Demgemäss erkennt die Kammer:

1.    Die Beschwerde wird abgewiesen, soweit darauf eingetreten wird.

2.    Die Gerichtsgebühr wird festgesetzt auf
Fr. 4'500.--;    die übrigen Kosten betragen:
Fr.    100.--     Zustellkosten,
Fr. 4'600.--     Total der Kosten.

3.    Die Gerichtskosten werden dem Beschwerdeführer auferlegt.

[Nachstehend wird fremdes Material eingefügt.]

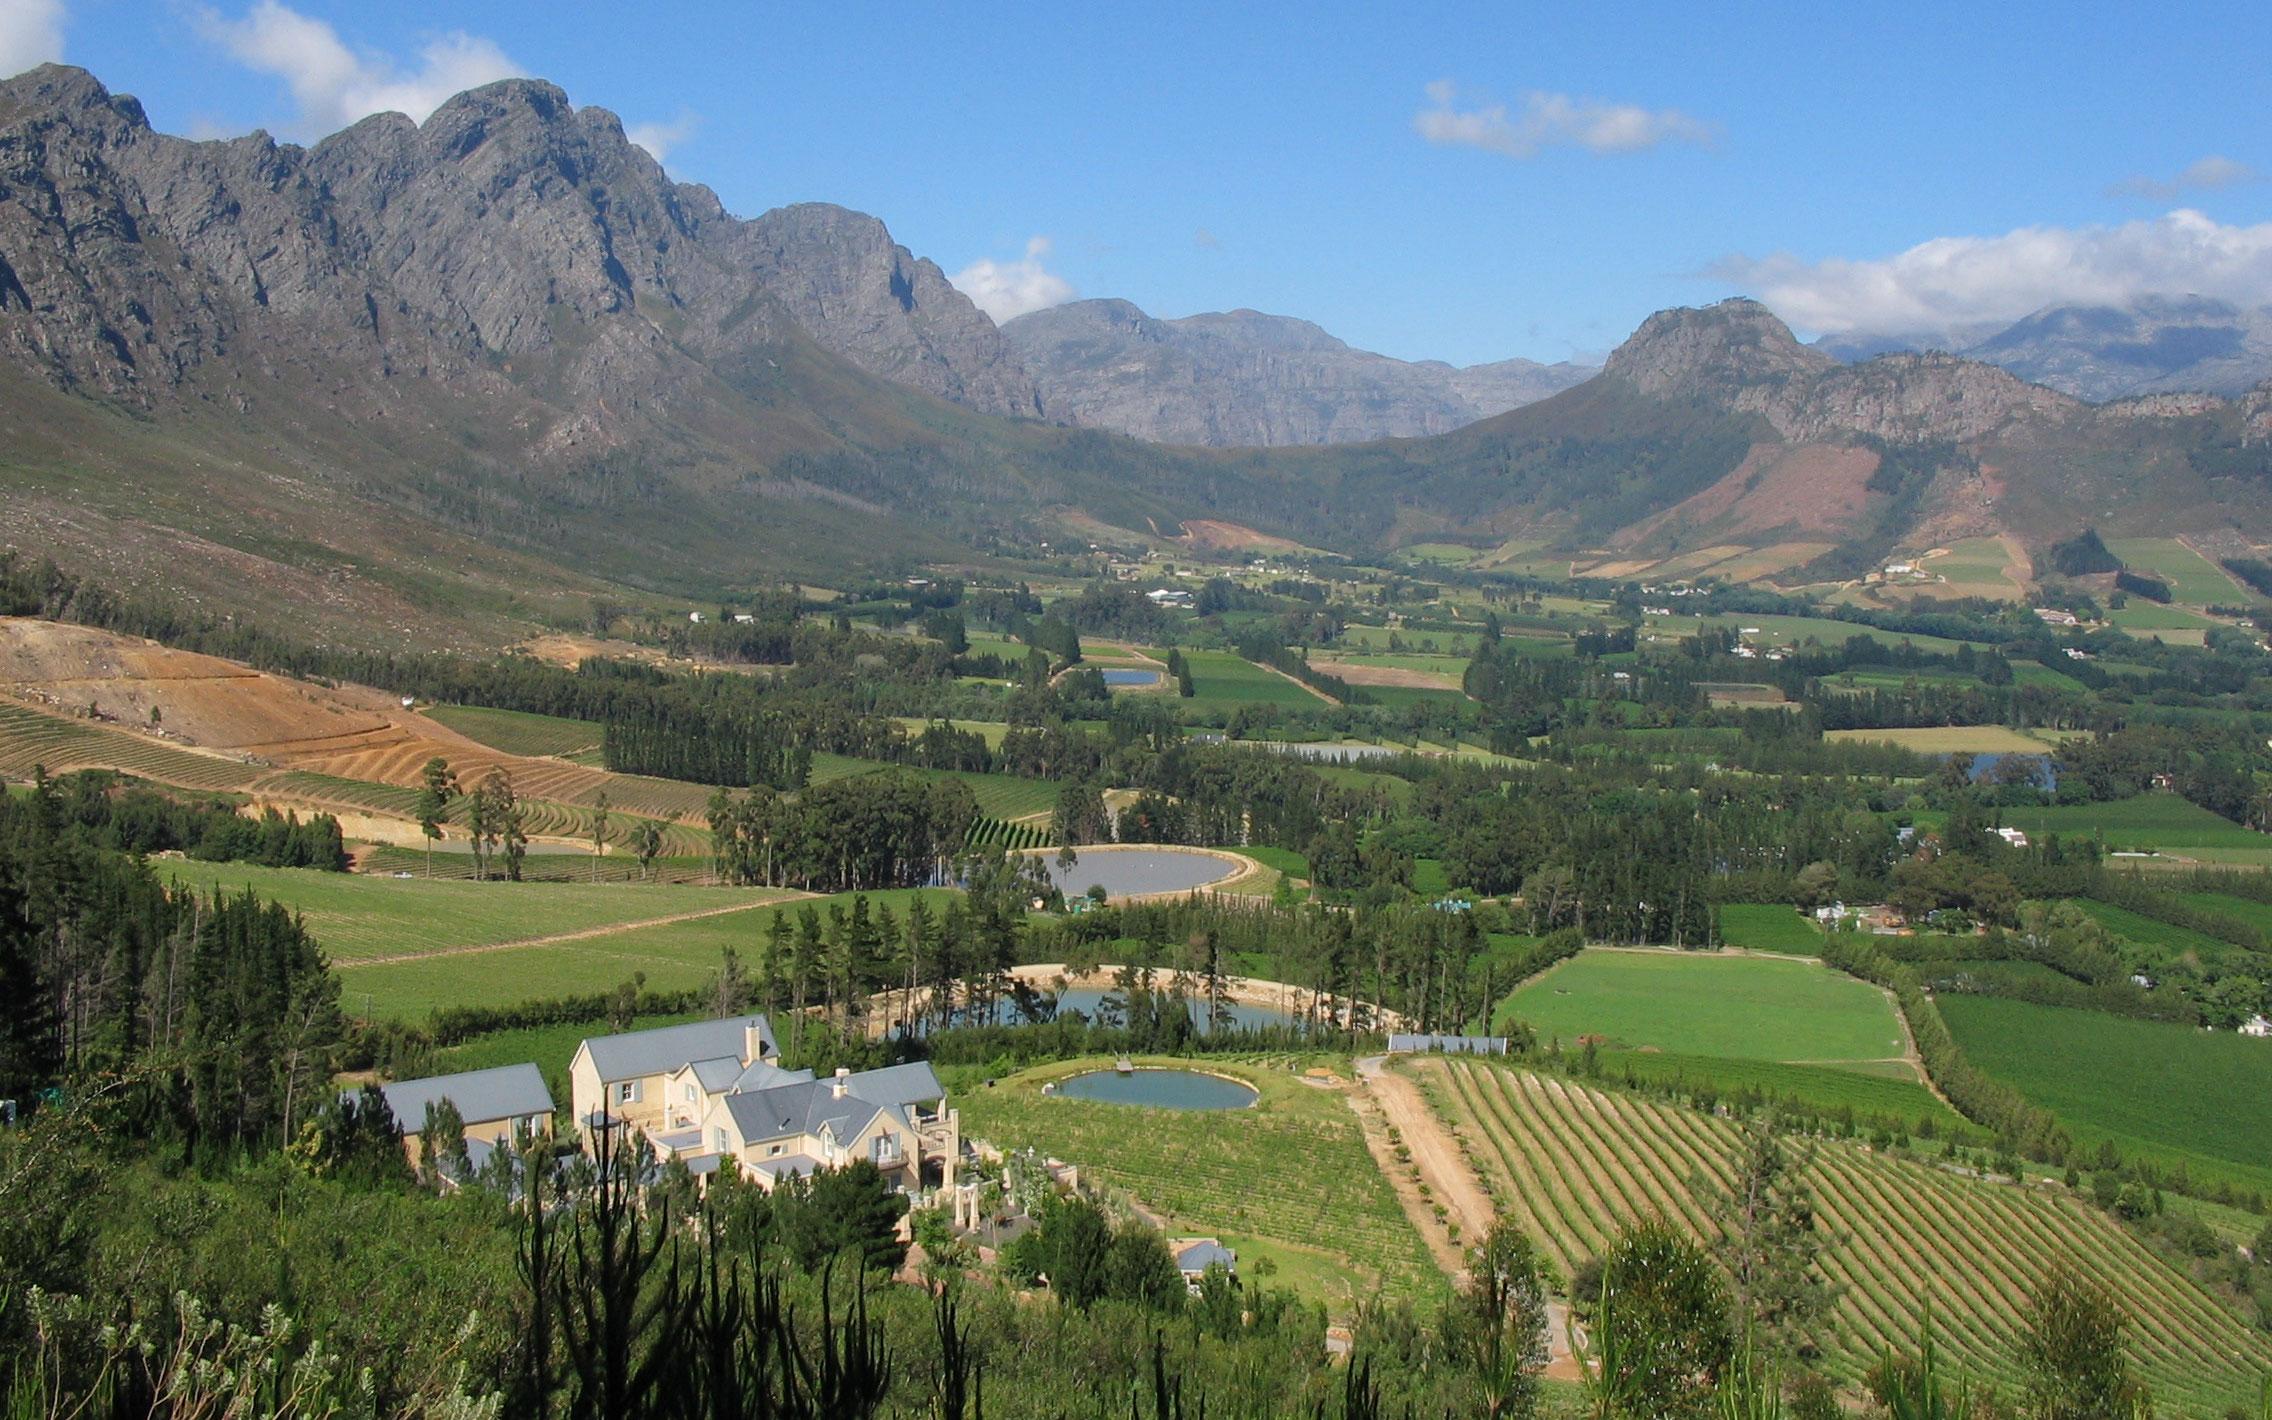 delaire graff franschhoek valley cape winelands region de los vinos del cabo enkosi africa sudafrica region de los vinos del cabo
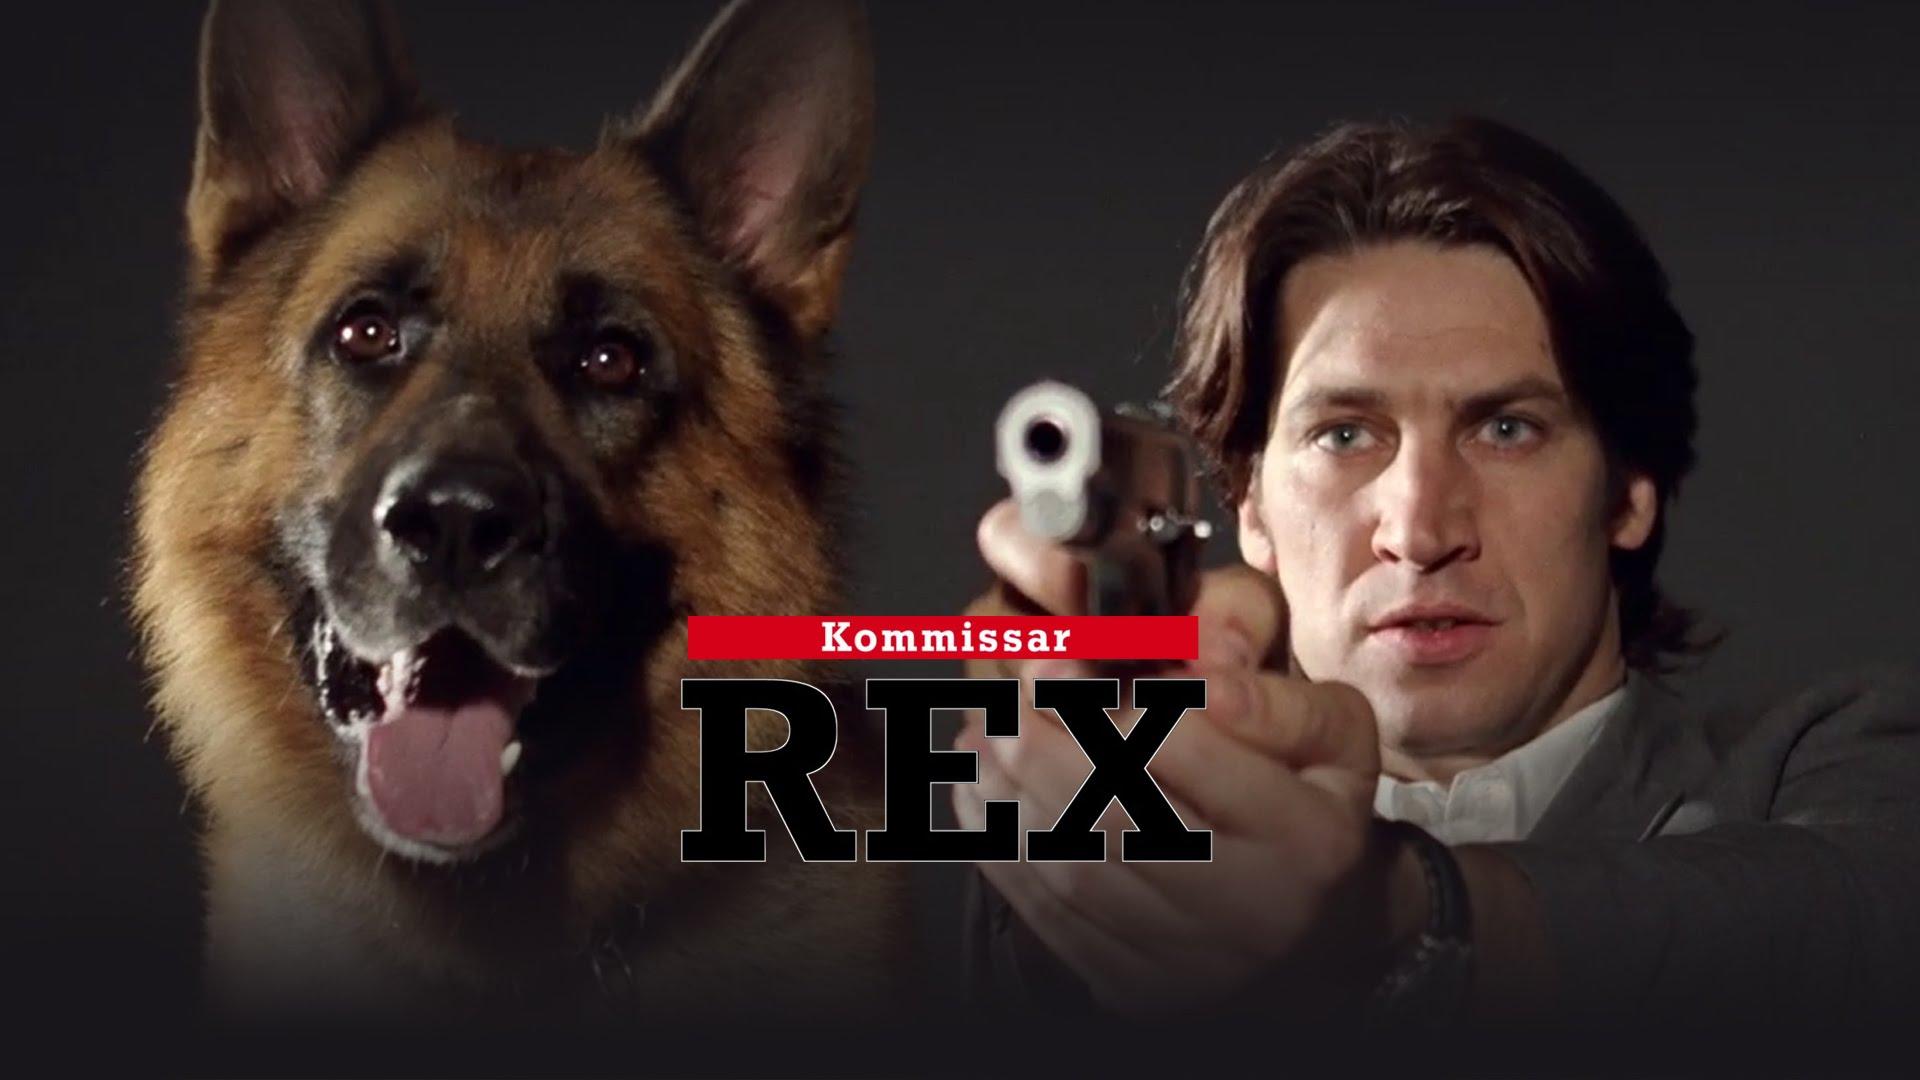 комиссар рекс сериал komissar rex series пес отвратительные мужики disgusting men

4.    Der Beschwerdeführer wird verpflichtet, der Gemeinde F innerhalb von 30 Tagen ab Rechtskraft dieses Urteils eine Parteientschädigung von Fr. 2'500.- (Mehrwertsteuer bereits eingeschlossen) zu bezahlen.

5.    Gegen dieses Urteil kann Beschwerde in öffentlich-rechtlichen Angelegenheiten nach Art. 82 ff. des Bundesgerichtsgesetzes erhoben werden. Die Beschwerde ist innert 30 Tagen, von der Zustellung an gerechnet, beim Bundesgericht, 1000 Lausanne 14, einzureichen.